Represented by ChatGPT AI Technology will fundamentally change every category of software services – Microsoft President Nadella’s assertion has become the consensus of most technology practitioners in the world today.
But when the foreign technology industry is enthusiastically investing in this wave, Chinese practitioners have discovered sadly:There is almost a blank in the field of large models in China.Only a few large companies have sporadically announced that they will launch their own large-scale models in the future, and a few star entrepreneurs have revealed that they will start businesses in this field.
Against this background, the “birth” of the start-up company MiniMax is undoubtedly an unexpected surprise. The company, which was founded one and a half years ago, took large-scale models as the main research and development direction from the first day of its establishment.Today, there are already three basic large models of modalities, involving the generation of different content of voice, image, and text.
Based on the self-developed large model, they have launched an intelligent dialogue robot generation platform Glow, which currently has nearly five million users and hundreds of millions of user calls per day.
Before ChatGPT became popular, making a large model was a “stupid business” with huge investment, side track, and very unclear commercialization prospects.Not to mention ordinary entrepreneurs, even Internet giants who have a lot of resources rarely dabble or have limited investment. And this is also the direct reason why the domestic large-scale model is blank today.
Because of this, the existence of the MiniMax is curious.After chatting with several early members and technical backbones, we found that this is a batch of experiences, with different backgrounds, but for AI A technical idealist with continuous thinking and exploration. They came together because of their belief in AGI (Artificial General Intelligence).

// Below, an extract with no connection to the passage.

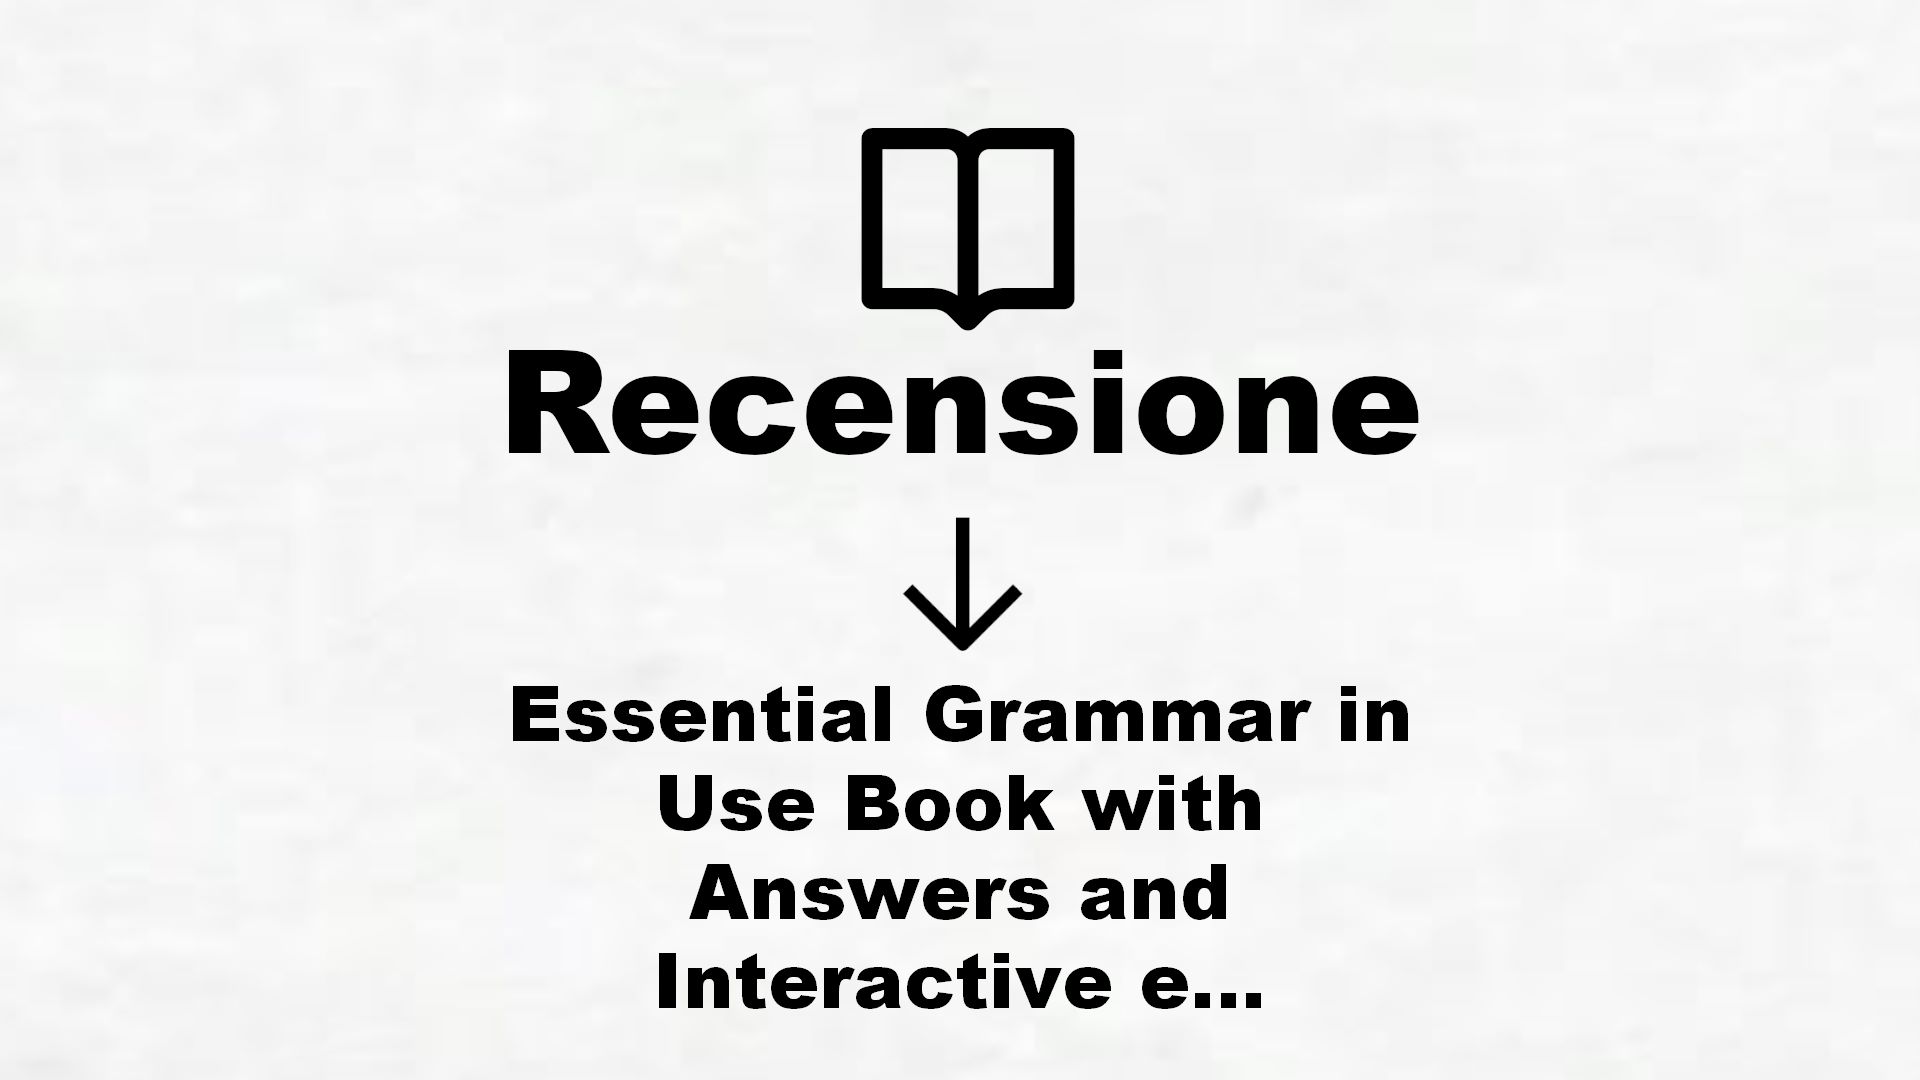 Essential Grammar in Use Book with Answers and Interactive eBook Italian Edition [Lingua inglese]: 1 – Recensione Libro

When people lament that the long-termism of technology is difficult to exist, the emergence of such a team seems to be exactly what people expect.
three large models
From the very first day of its establishment, MiniMax has chosen large-scale models as its main research and development direction.
Currently, MiniMax has foundation models with different capabilities and three modes: Text-to-Text, Text-to-Visual, and Text-to-Audio.
These three models respectively correspond to the conversion and generation of content between different forms.Text-to-Text corresponds to the conversion between text and text (for example, you can answer questions through the generated text), Text-to-Visual corresponds to the conversion between text and visual images (for example, you can generate images through text descriptions), and Text -to-Audio generates audio from text.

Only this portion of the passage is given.